▶ _Dataset records_:

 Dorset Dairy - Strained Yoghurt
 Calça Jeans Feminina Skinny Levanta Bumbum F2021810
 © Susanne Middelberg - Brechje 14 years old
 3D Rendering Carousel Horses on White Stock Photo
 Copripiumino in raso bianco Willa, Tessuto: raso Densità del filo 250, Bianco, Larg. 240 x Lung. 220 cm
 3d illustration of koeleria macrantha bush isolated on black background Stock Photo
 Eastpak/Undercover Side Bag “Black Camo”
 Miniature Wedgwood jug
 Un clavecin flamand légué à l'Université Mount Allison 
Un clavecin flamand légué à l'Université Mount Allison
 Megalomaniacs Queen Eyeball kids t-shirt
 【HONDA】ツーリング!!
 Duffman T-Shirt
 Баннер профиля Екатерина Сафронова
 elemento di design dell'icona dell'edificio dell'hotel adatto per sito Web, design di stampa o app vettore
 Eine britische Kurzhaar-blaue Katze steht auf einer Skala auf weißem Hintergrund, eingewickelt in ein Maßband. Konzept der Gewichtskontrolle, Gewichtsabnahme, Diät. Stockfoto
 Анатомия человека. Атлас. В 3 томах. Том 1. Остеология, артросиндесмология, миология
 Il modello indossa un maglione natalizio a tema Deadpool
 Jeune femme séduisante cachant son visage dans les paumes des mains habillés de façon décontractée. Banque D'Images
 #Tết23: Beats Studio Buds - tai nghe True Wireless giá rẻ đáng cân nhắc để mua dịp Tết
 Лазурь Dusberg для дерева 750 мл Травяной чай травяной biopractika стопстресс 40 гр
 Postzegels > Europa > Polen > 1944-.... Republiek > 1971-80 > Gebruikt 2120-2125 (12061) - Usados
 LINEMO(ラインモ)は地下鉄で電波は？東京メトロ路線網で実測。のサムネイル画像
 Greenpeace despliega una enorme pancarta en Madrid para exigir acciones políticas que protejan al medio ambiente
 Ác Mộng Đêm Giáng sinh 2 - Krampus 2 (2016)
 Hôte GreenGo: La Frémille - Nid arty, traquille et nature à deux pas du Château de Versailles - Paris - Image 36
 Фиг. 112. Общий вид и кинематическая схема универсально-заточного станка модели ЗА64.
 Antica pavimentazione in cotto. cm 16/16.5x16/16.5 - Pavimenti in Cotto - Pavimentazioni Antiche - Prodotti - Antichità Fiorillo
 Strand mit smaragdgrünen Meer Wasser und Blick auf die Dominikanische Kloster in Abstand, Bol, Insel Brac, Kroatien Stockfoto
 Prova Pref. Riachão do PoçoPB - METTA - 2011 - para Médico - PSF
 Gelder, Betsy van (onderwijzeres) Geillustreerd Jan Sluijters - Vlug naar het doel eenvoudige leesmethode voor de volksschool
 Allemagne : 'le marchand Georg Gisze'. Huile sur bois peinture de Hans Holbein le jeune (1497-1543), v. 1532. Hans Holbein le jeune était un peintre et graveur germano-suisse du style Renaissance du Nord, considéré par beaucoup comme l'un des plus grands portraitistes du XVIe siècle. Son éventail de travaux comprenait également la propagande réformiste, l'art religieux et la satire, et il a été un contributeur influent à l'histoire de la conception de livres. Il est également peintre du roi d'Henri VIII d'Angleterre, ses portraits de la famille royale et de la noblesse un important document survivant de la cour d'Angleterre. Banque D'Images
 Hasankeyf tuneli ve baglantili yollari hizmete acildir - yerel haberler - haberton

▶ _Directions_: From the entries, copy every line in which the string "Mount" can be found.

▶ _Your solution_:
 Un clavecin flamand légué à l'Université Mount Allison 
Un clavecin flamand légué à l'Université Mount Allison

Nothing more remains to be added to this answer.